For Superior's local economy, 474 displaced workers represent not merely job losses but consumption reduction, tax base erosion, and potential downstream effects on retail, housing, and municipal services. A city of 27,000 supporting approximately 13,500 employed residents experiences 3.5 percent workforce displacement when all WARN notices are aggregated. In concentrated sectors, the impact deepens dramatically—the loss of FeraDyne's 226 workers from manufacturing likely affects supply chain vendors, logistics providers, and local commercial activity.

The YMCA's 112-worker reduction proves particularly damaging to community social capital. The YMCA operates not merely as a recreational facility but as a social anchor institution serving families across income levels. Significant employment reductions typically precede service curtailments, reduced programming hours, and membership fee increases—outcomes that further depress community economic activity and quality of life, particularly for lower-income households dependent on affordable recreation access.

Superior's labor market faces structural headwinds. The insured unemployment rate in Wisconsin stands at 1.08 percent as of early April 2026, suggesting tight labor market conditions at the state level despite recent volatility. However, this state-level tightness masks localized slack in Superior, where displaced manufacturing and nonprofit workers may lack regional alternatives matching their previous compensation and occupational specialization. The absence of diversified high-growth sectors in Superior limits displaced workers' ability to transition horizontally into emerging industries, creating risk of underemployment, out-migration, or extended joblessness.

Regional Context and Wisconsin Comparisons

Wisconsin's insured unemployment rate of 1.08 percent places the state meaningfully below the national rate of 1.26 percent, indicating relatively resilient labor market conditions at the state level.

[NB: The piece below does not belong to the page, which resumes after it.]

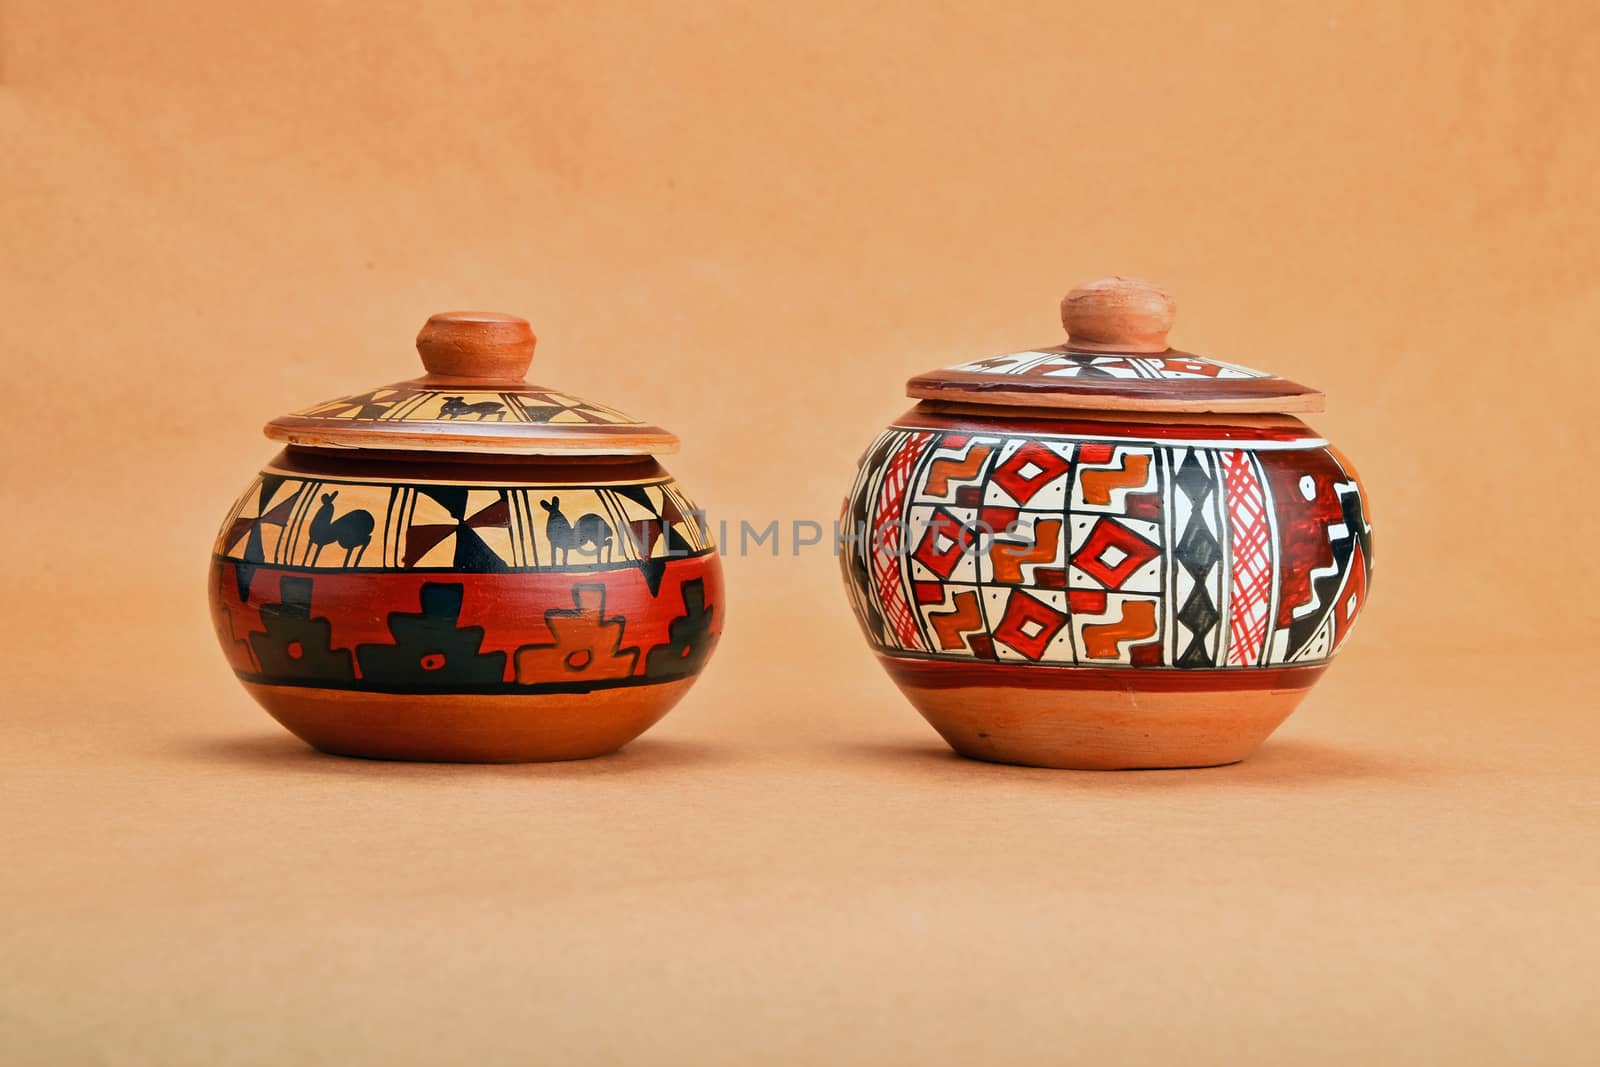 Two painted handmade traditional Latin American ceramic pot with closed lid on kraft paper background
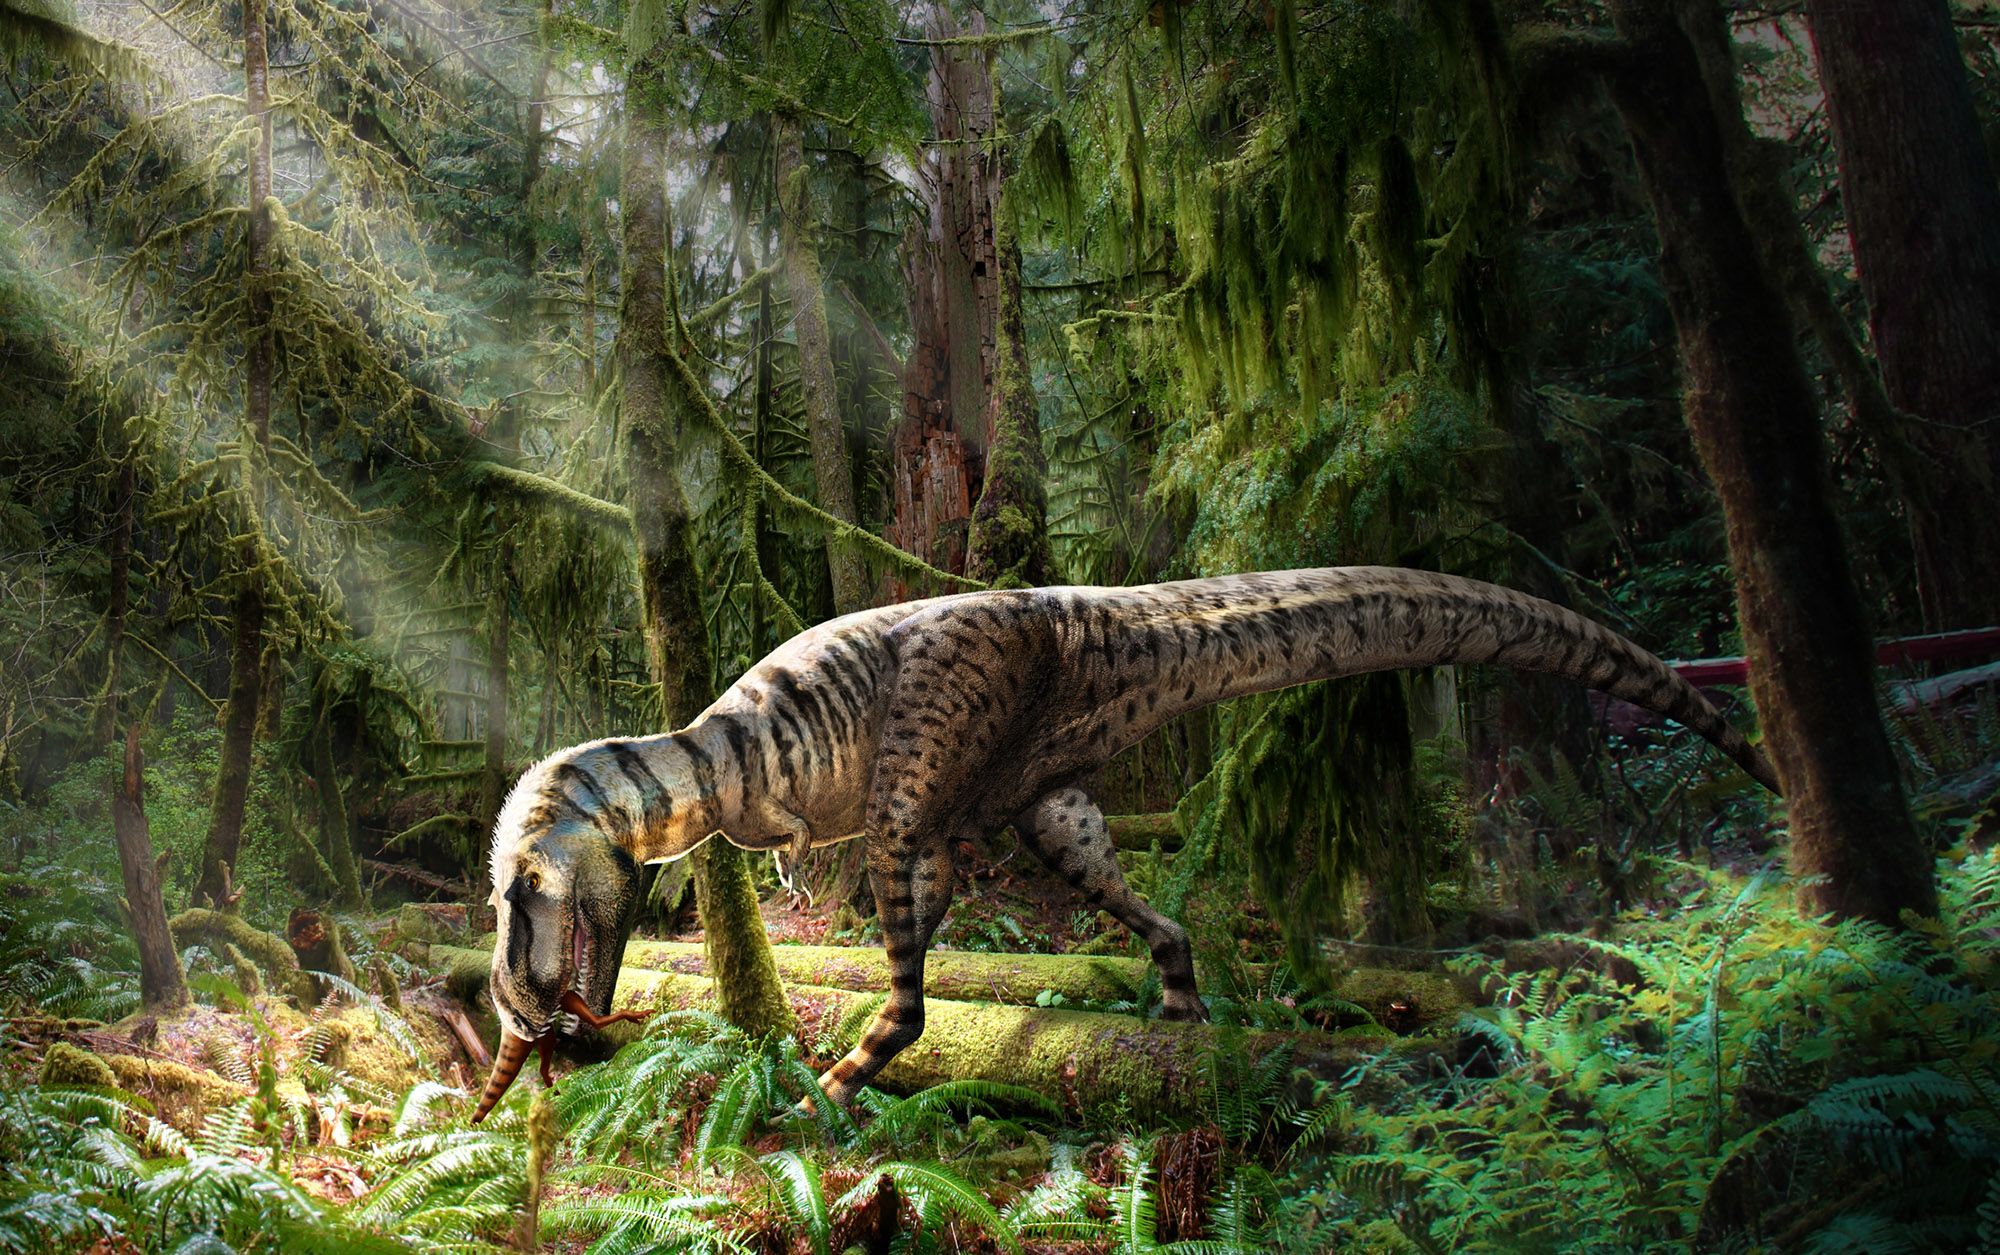 The Dino That Looked T. Rex-y Long Before T. Rex

However, Wisconsin's four-week trend in initial jobless claims shows volatility, rising 14.2 percent over the recent measurement period while declining 50 percent year-over-year. This suggests that the state experienced substantially elevated layoff activity in early 2025 that has since moderated, though current claims remain elevated relative to recent weeks.

Superior's layoff concentration stands in contrast to this broader state stability. While Wisconsin as a whole absorbs layoffs across numerous metropolitan areas and industries, Superior lacks the economic diversification buffering larger cities like Milwaukee or Madison. The state's strong H-1B employment in technology sectors, particularly through employers like Infosys, Capgemini, and Tata Consultancy Services, occurs almost entirely outside Wisconsin's smaller regional centers like Superior. Superior's displacement therefore occurs in low-tech manufacturing and nonprofit services—precisely the sectors least capable of rapid workforce reabsorption.

Superior's manufacturing-dependent economy faces secular headwinds diverging from Wisconsin's mixed performance. While Wisconsin maintains pockets of technology employment and diverse service sectors, Superior's specialization in outdoor recreational equipment and hydraulic manufacturing creates outsized vulnerability to sector-specific demand shocks and automation. The state's technological employment gains and relatively low unemployment mask significant regional distress within smaller industrial cities.